== Exercise ==
Whenever a line of the records below contains the word "Shirt", copy that line.

▶

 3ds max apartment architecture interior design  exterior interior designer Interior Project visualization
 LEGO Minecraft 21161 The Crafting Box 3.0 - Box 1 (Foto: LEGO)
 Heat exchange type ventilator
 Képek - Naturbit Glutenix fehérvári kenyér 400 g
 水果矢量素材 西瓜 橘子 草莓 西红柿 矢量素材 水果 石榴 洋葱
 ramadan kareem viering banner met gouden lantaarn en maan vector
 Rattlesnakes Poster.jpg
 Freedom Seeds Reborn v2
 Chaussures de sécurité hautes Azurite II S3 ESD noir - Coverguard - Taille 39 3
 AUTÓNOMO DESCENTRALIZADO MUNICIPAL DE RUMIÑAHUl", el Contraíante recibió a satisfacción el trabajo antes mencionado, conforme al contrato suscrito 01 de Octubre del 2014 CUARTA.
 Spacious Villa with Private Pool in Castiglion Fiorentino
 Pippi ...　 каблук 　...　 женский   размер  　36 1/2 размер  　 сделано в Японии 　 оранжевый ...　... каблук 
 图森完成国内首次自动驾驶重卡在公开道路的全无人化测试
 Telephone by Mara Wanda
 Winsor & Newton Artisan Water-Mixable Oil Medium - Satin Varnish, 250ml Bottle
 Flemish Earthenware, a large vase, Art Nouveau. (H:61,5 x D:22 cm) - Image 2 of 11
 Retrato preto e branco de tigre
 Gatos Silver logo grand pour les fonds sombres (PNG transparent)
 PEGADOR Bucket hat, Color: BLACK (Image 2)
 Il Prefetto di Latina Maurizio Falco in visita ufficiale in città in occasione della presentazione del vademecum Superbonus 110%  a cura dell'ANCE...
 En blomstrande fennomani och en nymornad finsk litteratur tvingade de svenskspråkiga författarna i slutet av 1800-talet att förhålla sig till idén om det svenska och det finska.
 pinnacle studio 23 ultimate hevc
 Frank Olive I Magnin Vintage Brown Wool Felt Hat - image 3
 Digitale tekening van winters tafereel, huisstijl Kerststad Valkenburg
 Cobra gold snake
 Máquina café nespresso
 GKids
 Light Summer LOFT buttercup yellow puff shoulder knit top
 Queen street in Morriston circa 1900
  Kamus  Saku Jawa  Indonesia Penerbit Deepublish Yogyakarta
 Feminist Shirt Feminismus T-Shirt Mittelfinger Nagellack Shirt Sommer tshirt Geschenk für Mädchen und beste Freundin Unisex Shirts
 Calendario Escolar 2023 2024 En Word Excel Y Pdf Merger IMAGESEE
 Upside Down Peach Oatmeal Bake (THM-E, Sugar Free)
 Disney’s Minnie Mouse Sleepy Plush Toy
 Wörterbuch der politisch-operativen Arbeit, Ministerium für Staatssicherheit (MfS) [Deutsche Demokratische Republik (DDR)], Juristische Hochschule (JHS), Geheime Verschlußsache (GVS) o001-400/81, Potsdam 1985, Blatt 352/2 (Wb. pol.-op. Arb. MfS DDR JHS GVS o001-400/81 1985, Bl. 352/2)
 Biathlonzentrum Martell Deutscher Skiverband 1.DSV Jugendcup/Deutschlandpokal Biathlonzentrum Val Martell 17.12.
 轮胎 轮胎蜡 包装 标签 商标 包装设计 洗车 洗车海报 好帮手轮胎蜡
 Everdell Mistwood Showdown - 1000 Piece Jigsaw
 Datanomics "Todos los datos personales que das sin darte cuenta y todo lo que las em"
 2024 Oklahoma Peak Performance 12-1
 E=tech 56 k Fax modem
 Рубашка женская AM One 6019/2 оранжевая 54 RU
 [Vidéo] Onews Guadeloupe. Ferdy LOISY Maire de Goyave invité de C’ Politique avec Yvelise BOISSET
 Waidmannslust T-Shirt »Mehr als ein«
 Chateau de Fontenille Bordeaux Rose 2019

◀

== Answer box ==
 Feminist Shirt Feminismus T-Shirt Mittelfinger Nagellack Shirt Sommer tshirt Geschenk für Mädchen und beste Freundin Unisex Shirts
 Waidmannslust T-Shirt »Mehr als ein«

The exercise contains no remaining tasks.